Now let us find the distances between our word and all the other words:
# define this function in a function that we can use on all the rows in
# the dictionary:
def distance_to_all(word):
def dist_to_word(w):
return distance(w, word)
distances = words[0].apply(dist_to_word)
return distances
distance_to_all("wprd")
0 4
1 3
2 4
3 4
4 4
..
354979 6
354980 6
354981 6
354982 7
354983 8
Name: 0, Length: 354984, dtype: int64
Let’s make a new dataframe with the words and the distances to “wprd”:
wprd_dist = words.copy()
wprd_dist["distance"] = distance_to_all("wprd")
wprd_dist
0 | distance | |
---|---|---|
0 | &c | 4 |
1 | 'd | 3 |
2 | 'em | 4 |
3 | 'll | 4 |
4 | 'm | 4 |
... | ... | ... |
354979 | zymurgy | 6 |
354980 | zythem | 6 |
354981 | zythum | 6 |
354982 | zyzzyva | 7 |
354983 | zyzzyvas | 8 |
354984 rows × 2 columns
Let us examine the histogram of distances. All the words in the dictionary are in there.

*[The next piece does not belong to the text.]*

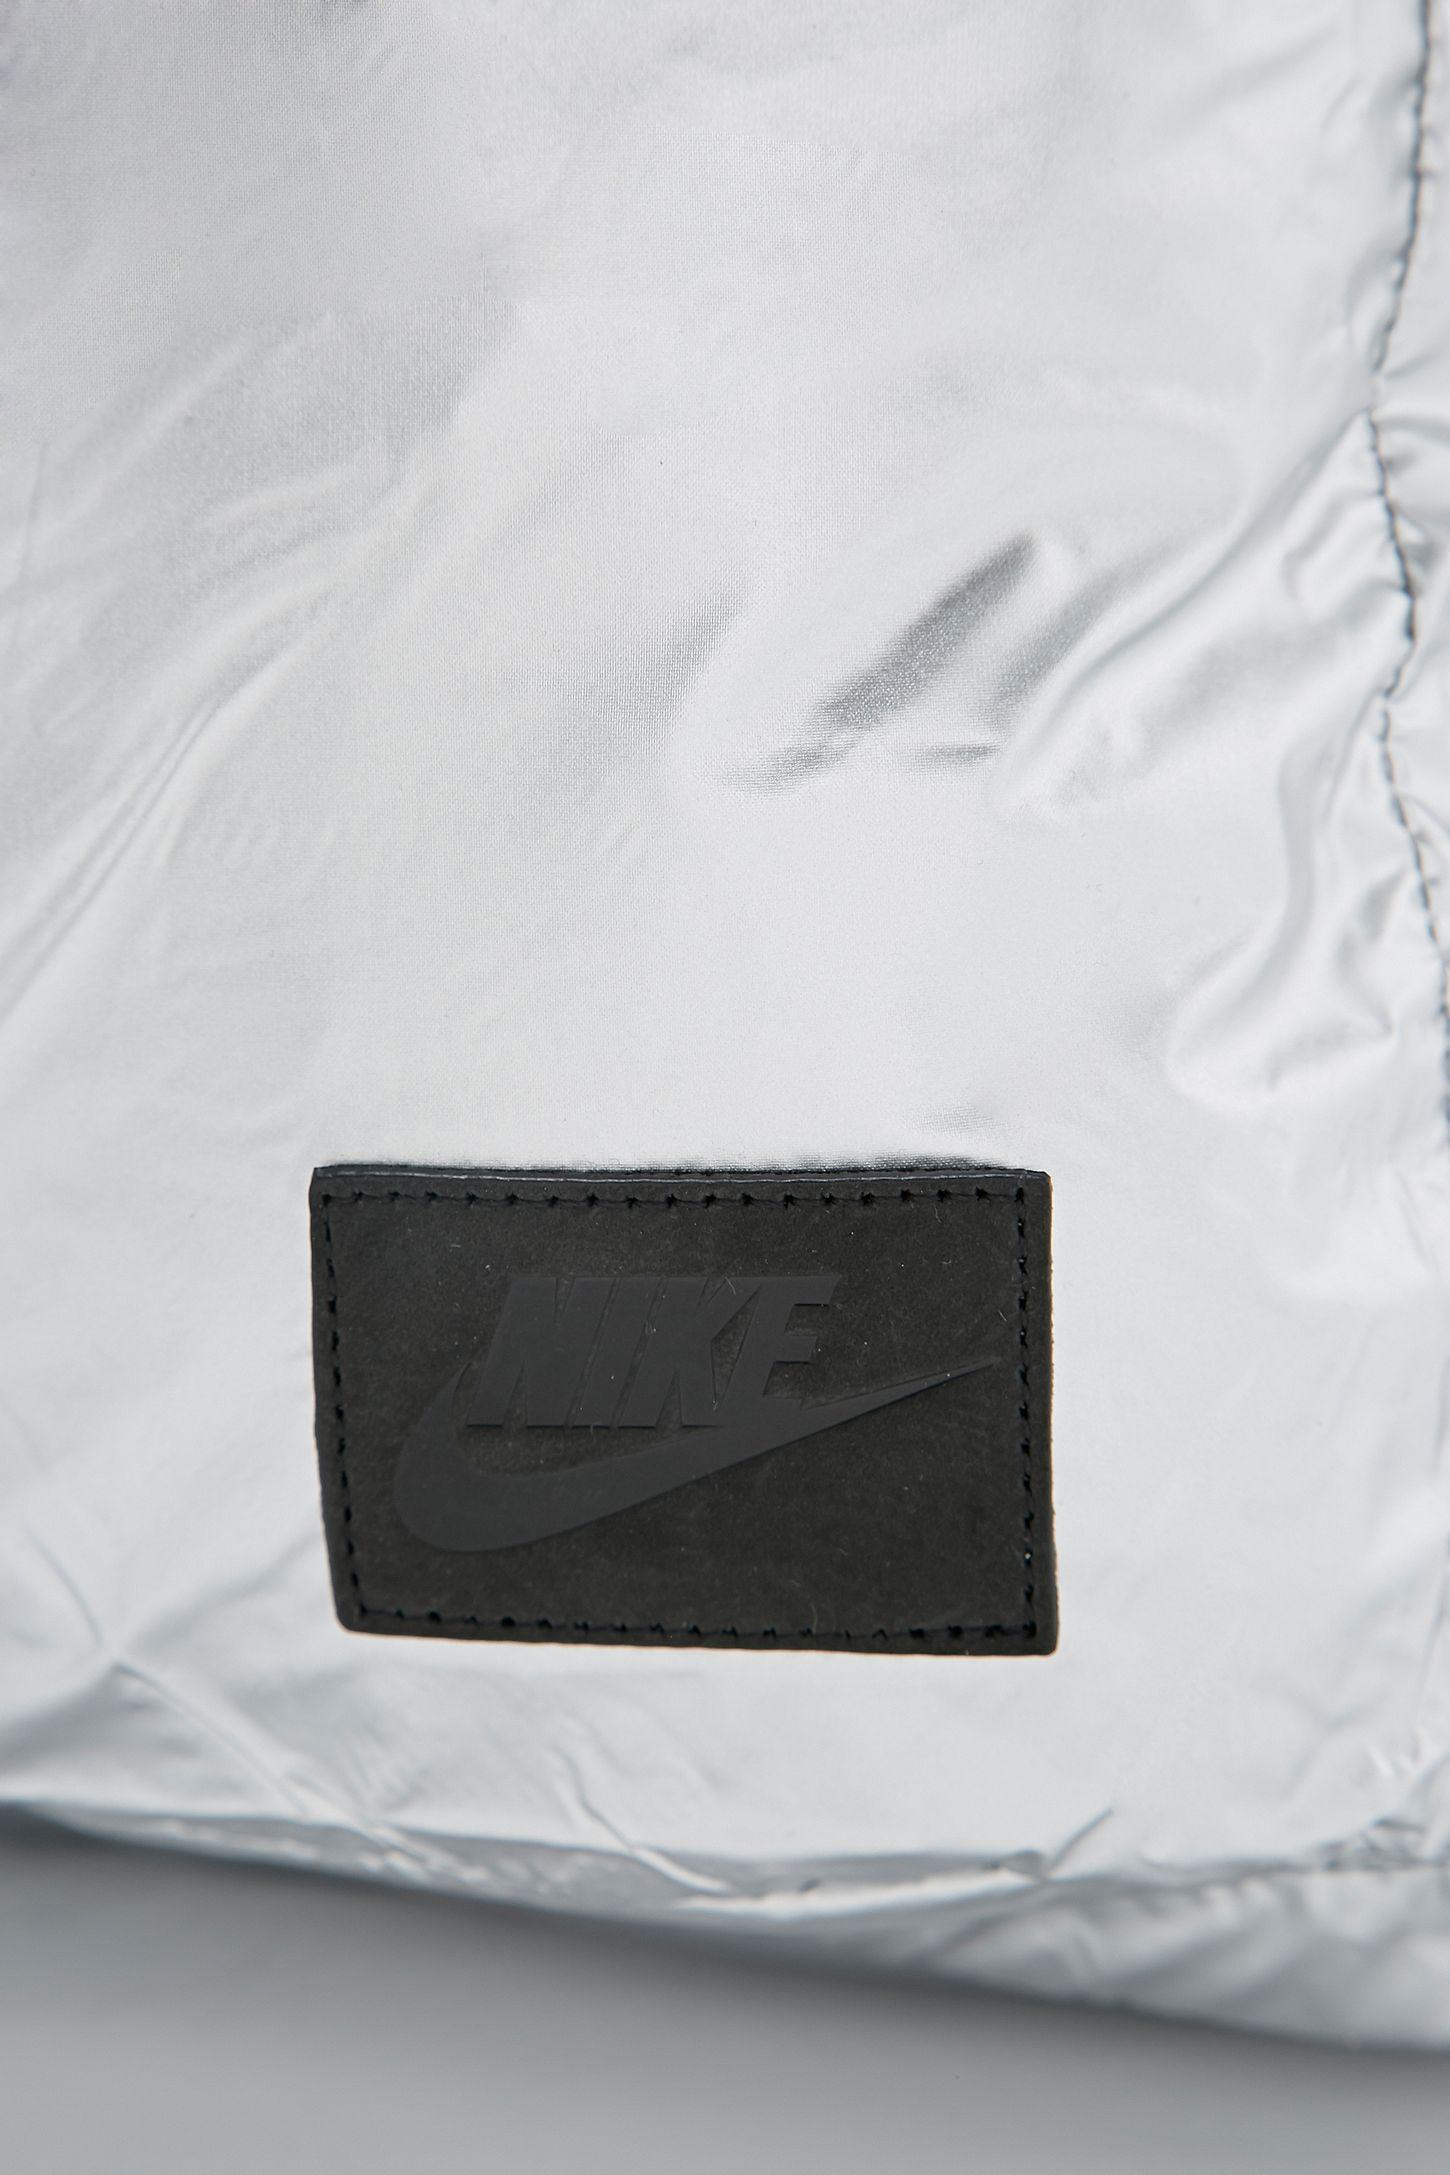 757167417c96 Slide View  6  Nike Metallic London Tote Bag in Silver

wprd_dist.distance.value_counts()
distance
8 53564
7 50487
9 47505
6 40228
10 38703
11 29049
5 24864
12 21142
13 14115
4 13233
14 8953
15 5167
16 2858
3 2296
17 1419
18 668
19 335
2 147
20 133
21 72
22 20
23 11
24 4
25 3
1 3
27 2
28 1
29 1
26 1
Name: count, dtype: int64
This ordering of the histogram is not ideal for understanding, let us sort by distance:
wprd_dist.distance.value_counts().sort_index()
distance
1 3
2 147
3 2296
4 13233
5 24864
6 40228
7 50487
8 53564
9 47505
10 38703
11 29049
12 21142
13 14115
14 8953
15 5167
16 2858
17 1419
18 668
19 335
20 133
21 72
22 20
23 11
24 4
25 3
26 1
27 2
28 1
29 1
Name: count, dtype: int64
From the table, which gives the values of edit distance as the index and the number of dictionary words at each distance from our target word as values, we see there are three dictionary words at distance 1, and 147 words at edit distance 2.
wprd_dist.query("distance < 2")
0 | distance | |
---|---|---|
346643 | ward | 1 |
350396 | wird | 1 |
351455 | word | 1 |
wprd_dist.query("distance == 2")
0 | distance | |
---|---|---|
38 | 3rd | 2 |
15624 | aped | 2 |
16021 | apod | 2 |
16436 | appd | 2 |
16905 | apr | 2 |
... | ... | ... |
352228 | wur | 2 |
352283 | wynd | 2 |
352930 | yard | 2 |
353296 | yerd | 2 |
353408 | yird | 2 |
147 rows × 2 columns
This certainly gives us a starting point (or at least a partly ordered list) of plausible words.
Diffs#
An alignment-based representation of the changes to a document is sometimes an effective way of learning what has changed; algorithms that will compare documents, find the minimum number of edits and show what the edits are with highlighting can be helpful when examining changes to documents or code.